Four men stumbled drunkenly through the darkness, their path lit by flashes from a lantern. When they reached the Thomas Mortensen farm outside of Monroe, Utah, they paused to tie handkerchiefs across their faces, then loudly called for William Birdsall.
Birdsall, 23, stepped out of the barn where he had been finishing late chores. The masked men seized him and slipped a rope around his neck. They beat his face and threw him to the ground. Hearing the commotion, Sarah Ann Mortensen, 26, stepped onto her porch and screamed.
One of the men, his voice slurred, told her to go back to her children "and be a true woman." Then they pulled Birdsall to his feet and began running. He had no choice but to run as well, lest he be choked by the rope around his neck.
Birdsall, born in Nebraska to a Quaker father and German mother, had been only 5 the summer his family joined friends for a tour of the West. Although the railroad had been completed years before, their group traveled leisurely by covered wagon. When they reached Utah, the Birdsalls wanted to call on a cousin before traveling on to California. By the time the Birdsalls found their cousin in Sevier County, it was too late to travel west that year.
The Birdsalls stayed in Utah, eventually converting to Mormonism and taking up a farm in Monroe. By 1893 they were well integrated into the community. One daughter married the Mormon presiding elder in nearby Marysvale. Another daughter served as a counselor in the Monroe Relief Society. And when Thomas Mortensen went to work in Nevada's De La Mar mines, it was William Birdsall whom he asked to live in his barn, do his chores, and watch his wife and daughters.
For unknown reasons, however, some in the community disliked the young man. Monroe Town Marshal Lyman Collings, 37, was especially antagonistic, spreading gossip that Birdsall took liberties with Mrs. Mortensen, making her chop her own stove wood while he, Birdsall, took money sent by her husband to buy whiskey and dance tickets.

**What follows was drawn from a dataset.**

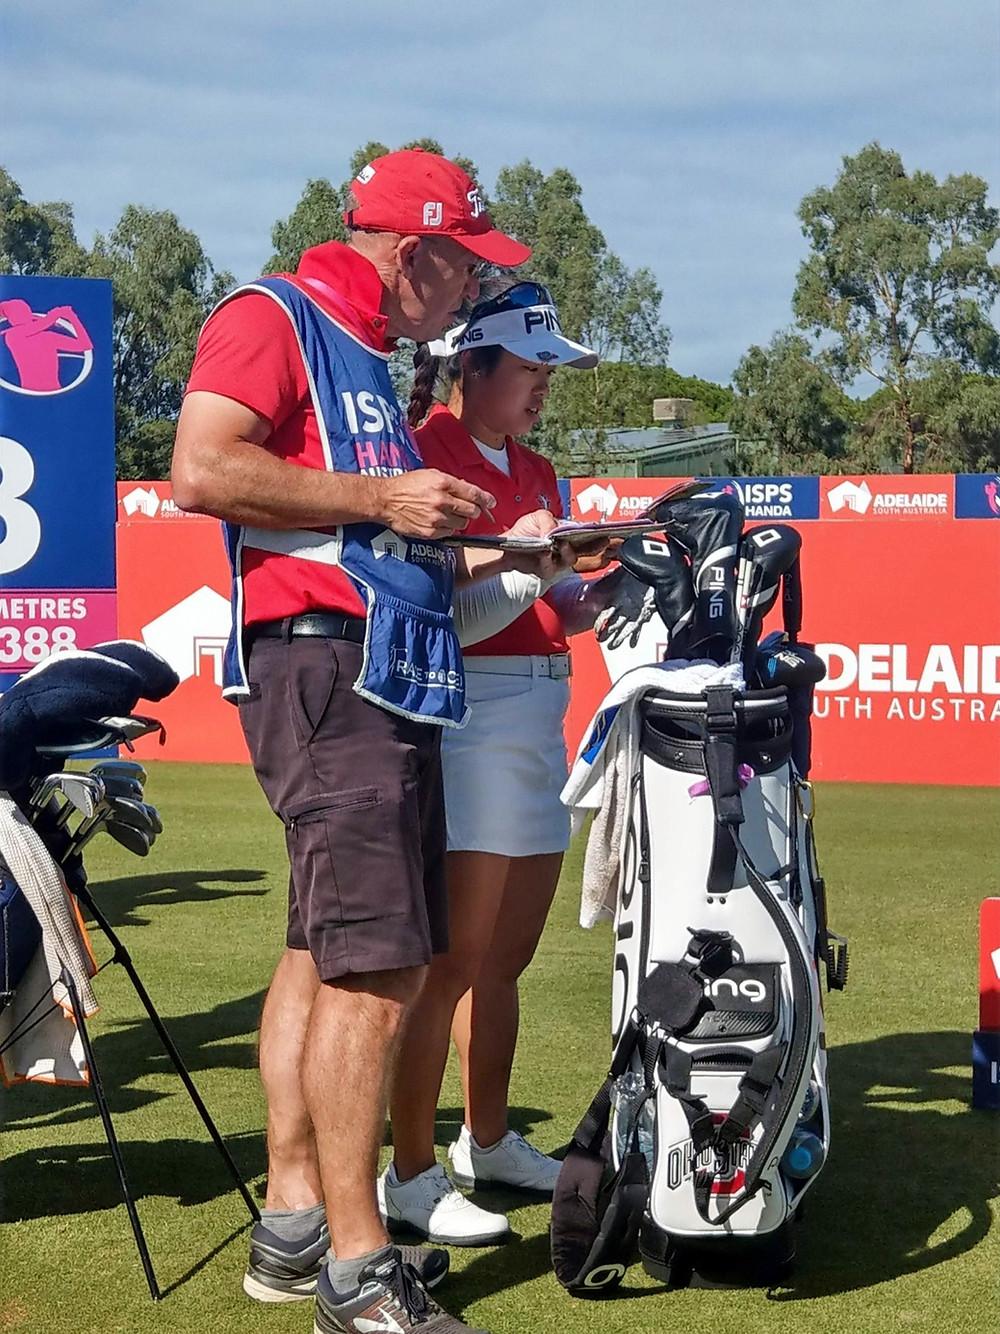 LPGA golfer Jaclyn Lee of Canada, on the tee box at the ISPS Handa Women's Australia Open golf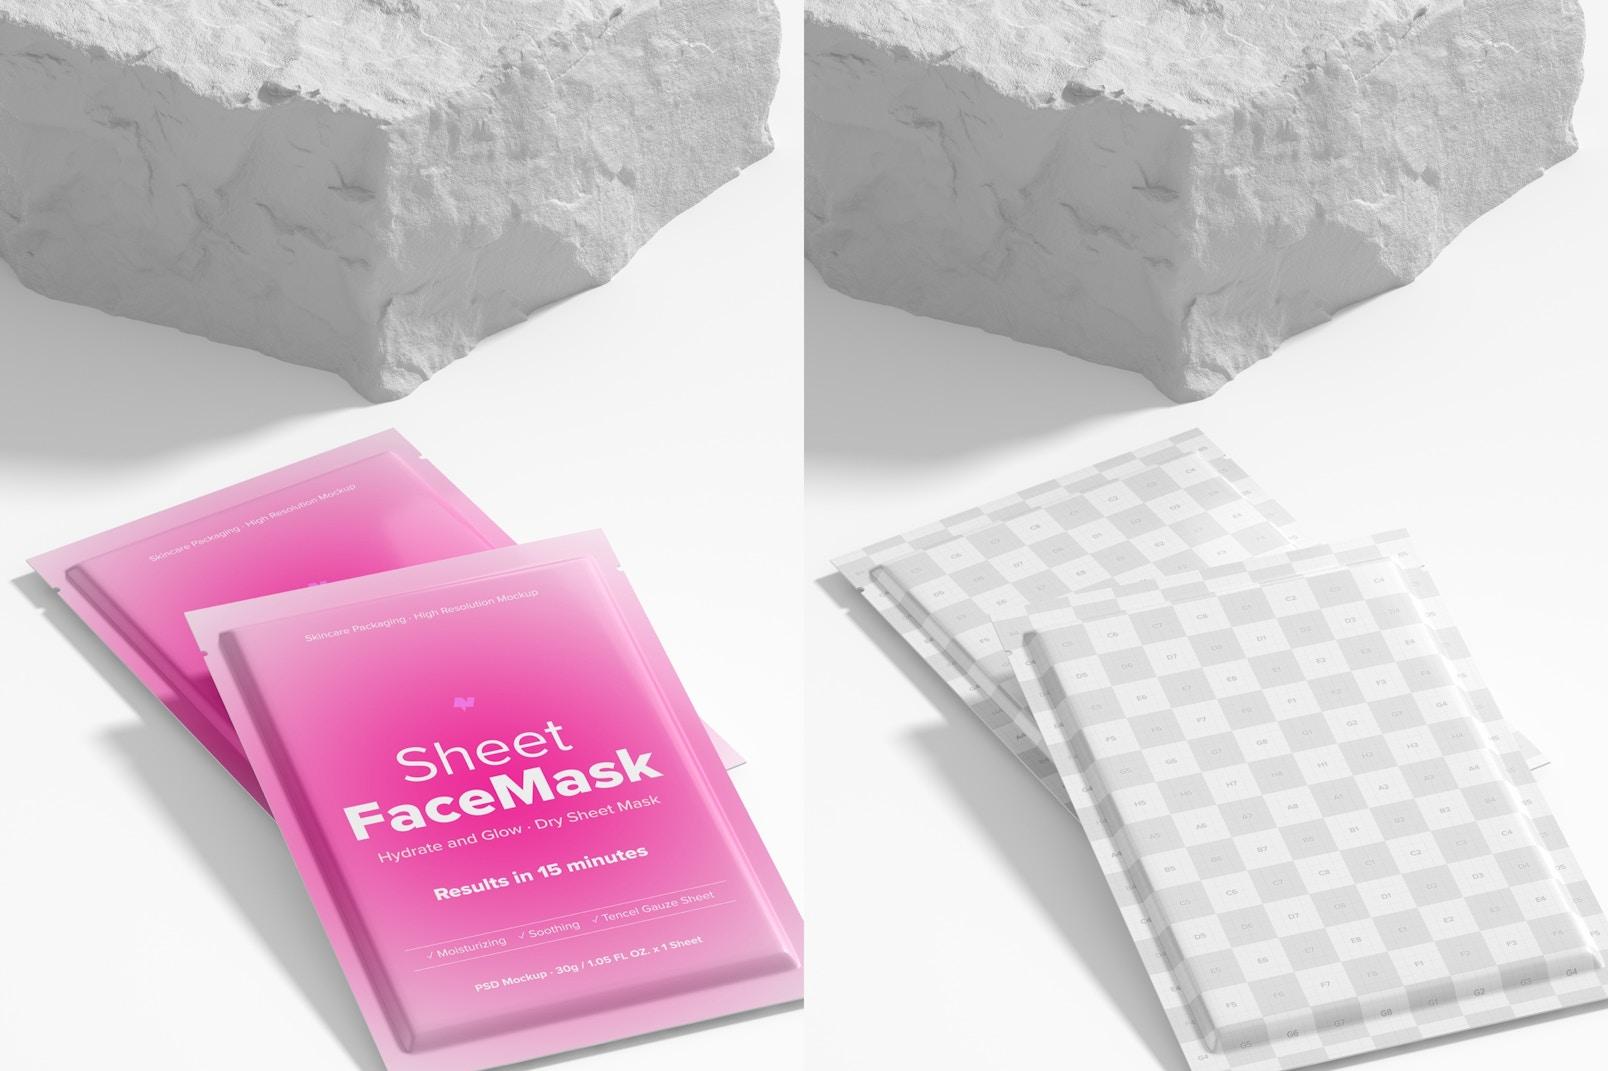 Sheet Face Mask Scene Mockup 02

On the evening of Feb. 25, 1898, some of Monroe's men gathered at the saloon after a town social. As the drinking progressed, talk turned to Birdsall. Collings said someone should drive him out of town; when others agreed, Collings urged them to follow through with what may at first have been idle talk. Ben Hoopes, Ammon Hunt, Al Winn and Andrew Brown collected a rope and lantern from Hoopes' barbershop, then headed toward the Mortensen farm.
Birdsall struggled to stay on his feet as he was jerked across fields and through a canal. When he stumbled, his attackers dragged him until he was choked nearly to unconsciousness, then pulled him upright and ran again, all the while cursing and telling him to leave Monroe or be hanged. Finally they released him, his neck raw and swollen, his eyes blackened. Birdsall headed over the mountain that night to find refuge with his sister in Marysvale.
Word of the "whitecapping" (think Klu Klux Klan or armed vigilantes) spread quickly, but no action was taken for weeks. Eventually, citizens who believed Birdsall was a moral, industrious young man prevailed upon law officers to investigate.
Hoopes, Hunt, Winn, Brown and one other were indicted for rioting and maintaining an unlawful assemblage, and they went to trial in May. The jury found the four men guilty, acquitting the fifth. Before passing sentence, Judge Homer McCarty lectured the men concerning their crime and for calling their wives to perjure themselves by providing false alibis. He called Collings "the real criminal," and said he "should be wearing stripes in the penitentiary."
McCarty, who had known the defendants since childhood, imposed as severe a penalty as the law allowed: a $50 fine ($25 for Hoopes, who had not perjured his wife), but no jail time.
Birdsall, however, had had enough of Monroe and never returned.